Again, just another example of why HTS is the place to be. Thanks to SpectralCal and HTS for this giveaway! :clap:


----------



## Sonnie

Kirill said:


> So my guess is if I have 87 Posts in total I'm supposed to be qualified???


Yep... :yes:



swingin said:


> Sweet, count me in please.. I like free.


Be sure to post in the qualification thread. :T


----------



## KalaniP

How does the Spyder4 compare to the i1Display2 OEM they were using for the package give-away a couple of rounds ago? Better? Worse? About the same?


----------



## tv sci-fi fan

Wow another excellent giveaway from SpectraCAL and HTS!


----------



## mechman

KalaniP said:


> How does the Spyder4 compare to the i1Display2 OEM they were using for the package give-away a couple of rounds ago? Better? Worse? About the same?


I would say pretty close to the same. But I have zero experience with the Spyder and have yet to look at what SpectraCal is offering.

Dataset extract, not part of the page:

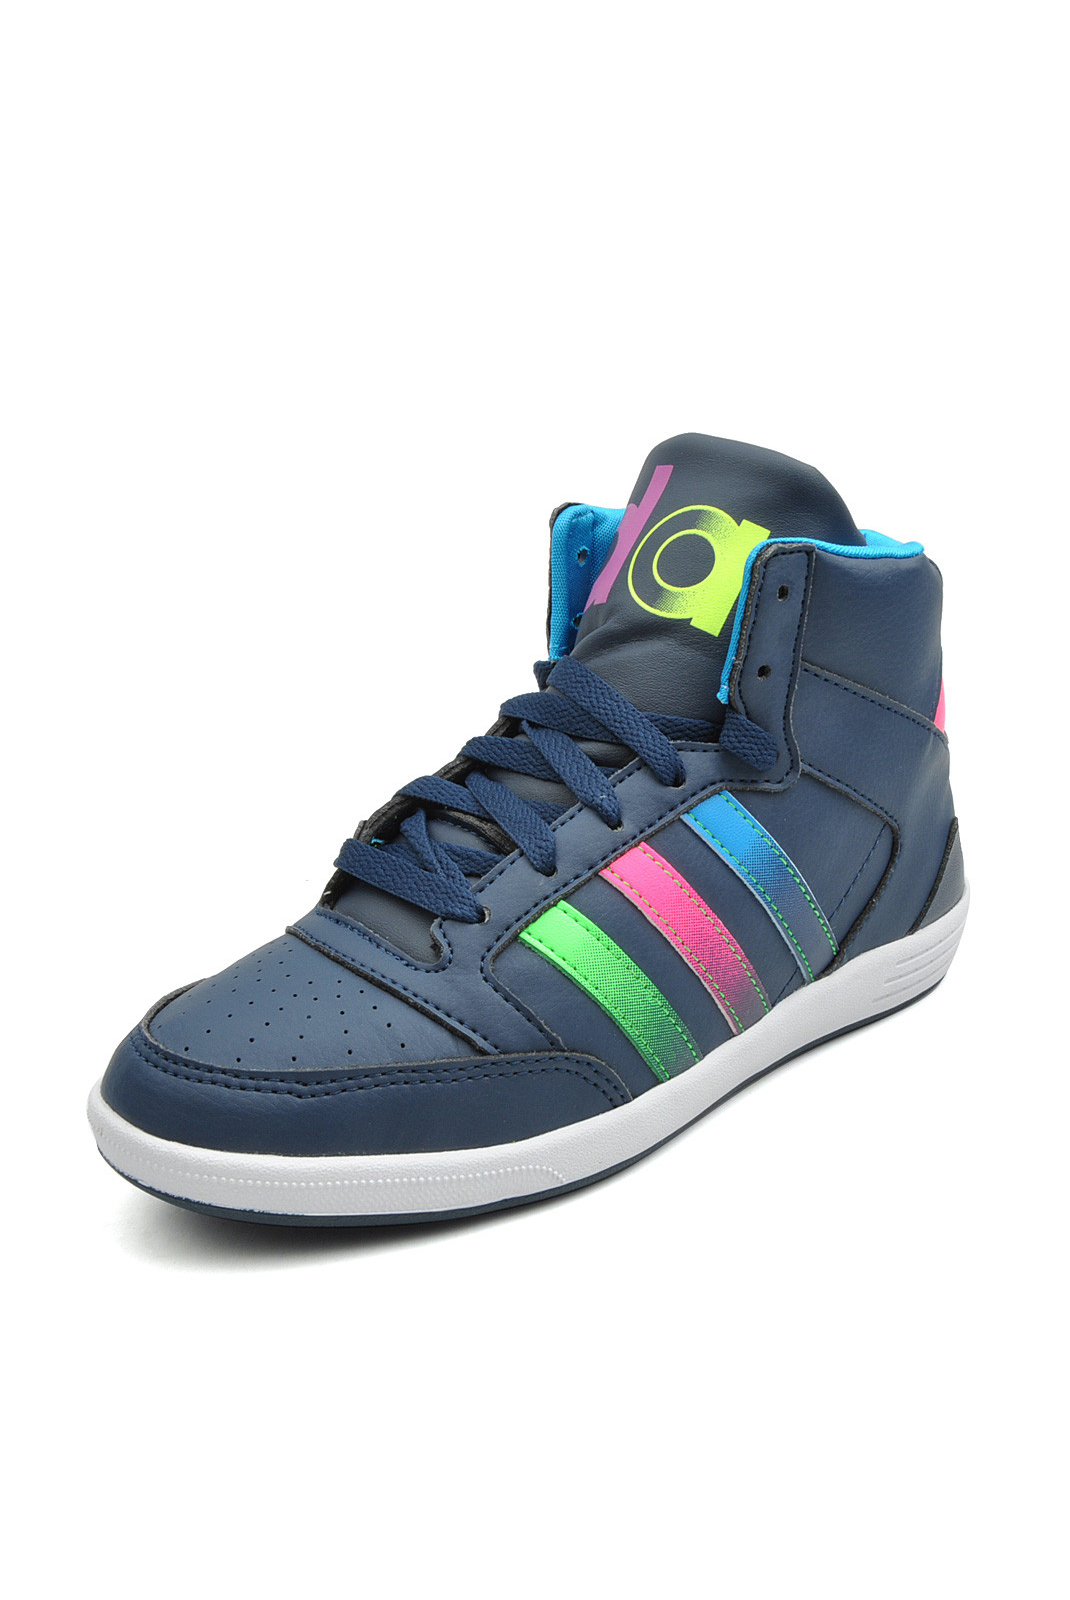 Baskets / Sneakers  Adidas F98643 HOOPS CST STREET W NAVY

I would guess that this coincides with the departure of the i1D2 and the M2. Gotta love the folks at SpectraCal!! :T


----------



## JoeESP9

I'm not sure if I need this but I sure wouldn't turn it down. Count me in.


----------



## noplease

Congrats! 
That's definitely what I like and what I would expect to be no give-away but a give-to-me.^^

Spyder3 had already attracted me every now and then but there was always something else again that kept me from buying one. Now #4 is out and we'll see again if...
... maybe I should rise my counter for non padded postings here and give HTS a try. raying:

I highly appreciate the SpectraCal offer of '_shipping worldwide_'. Previous promos (at least those I remember) were for U.S. residents only or at least expected the winners to have an U.S. address to ship to. Since I'm one of those living outside the U.S. (supposing I'm not the only one :dunno: ) I welcome this offer allowing us international HTS members to participate again. 
I do understand that tons of high(ly) (indep)ended single-packed speakers or the 240" core wound with the ultimative seamless silver screen might run into really exorbitant freight rates, silly people not willing to pay tax and/or customs when winning something of that value and similiar reasons letting donators decide to not ship worldwide. But it's definitely better if they do.
SpectraCal should not run into trouble like that as the package is of common size and they seem to be well presented all over the world allowing to deliver free of additional charges.


----------



## bobbysdad

.... but, but, I've only got an old Mac!
!


----------



## mechman

JoeESP9 said:


> I'm not sure if I need this but I sure wouldn't turn it down. Count me in.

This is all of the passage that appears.